По сути, большие данные предназначены для прогнозирования. Обычно их описывают как часть компьютерной науки под названием «искусственный интеллект» (точнее, ее раздел «машинное обучение»). Такая характеристика вводит в заблуждение, поскольку речь идет не о попытке «научить» компьютер «думать», как люди. Вместо этого рассматривается применение математических приемов к большому количеству данных для прогноза вероятностей, например таких: что электронное письмо является спамом; что вместо слова «коипя» предполагалось набрать «копия»; что траектория и скорость движения человека, переходящего дорогу в неположенном месте, говорят о том, что он успеет перейти улицу вовремя и автомобилю нужно лишь немного снизить скорость. Но главное — эти системы работают эффективно благодаря поступлению большого количества данных, на основе которых они могут строить свои прогнозы. Более того, системы спроектированы таким образом, чтобы со временем улучшаться за счет отслеживания самых полезных сигналов и моделей по мере поступления новых данных.

В будущем — и даже раньше, чем мы можем себе это представить, — многие аспекты нашей жизни, которые сегодня являются единственной сферой человеческих суждений, будут дополнены или заменены компьютерными системами. И это касается не только вождения или подбора пары, но и более сложных задач. В конце концов, Amazon может порекомендовать идеально подходящую книгу, Google — оценить релевантность сайта, Facebook знает, что нам нравится, а LinkedIn предвидит, с кем мы знакомы. Аналогичные технологии будут применяться для диагностики заболеваний, рекомендации курса лечения, возможно, даже для определения «преступников», прежде чем они успеют совершить преступление.

Подобно тому как интернет радикально изменил мир, добавив связь между компьютерами, большие данные изменят фундаментальные аспекты жизни, предоставив миру небывалые возможности количественного измерения. Данные порождают новые услуги и инновации. И очень многое ставят под угрозу.
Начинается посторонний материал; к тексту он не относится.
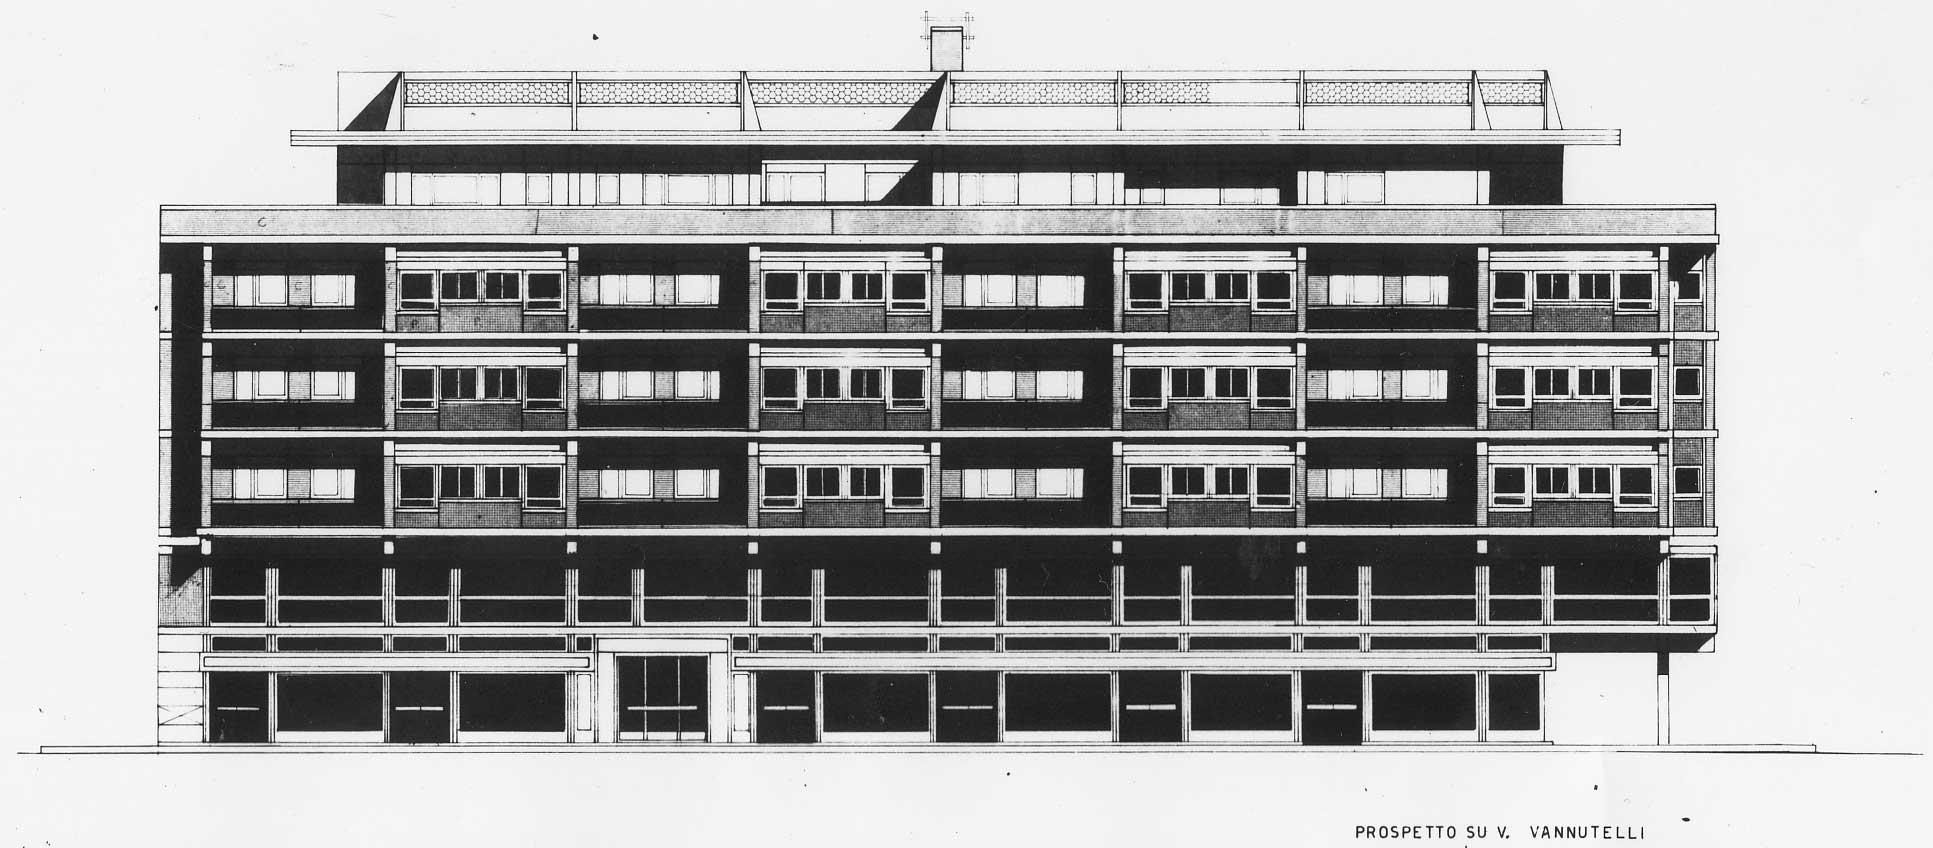 1 - 54 alloggi a Roma - Spinaceto, II programma GESCAL - IACP Roma; capogruppo - Prospetto

Количество, точность, причинность

По сути, большие данные представляют собой три шага к новому способу анализа информации, которые трансформируют наше представление об обществе и его организации.

Первый шаг описан во второй главе. В мире больших данных мы можем проанализировать огромное количество данных, а в некоторых случаях — обработать все данные, касающиеся того или иного явления, а не полагаться на случайные выборки. Начиная с XIX века, сталкиваясь с большими числами, общество полагалось на метод выборки. Сейчас он воспринимается как пережиток времен дефицита информации, продукт естественных ограничений для взаимодействия с информацией в «аналоговую эпоху». Понять искусственность этих ограничений, которые по большей части принимались как должное, удалось только после того, как высокопроизводительные цифровые технологии получили широкое распространение. Используя все данные, мы получаем более точный результат и можем увидеть нюансы, недоступные при ограничении небольшим объемом данных. Большие данные дают особенно четкое представление о деталях подкатегорий и сегментов, которые невозможно оценить с помощью выборки.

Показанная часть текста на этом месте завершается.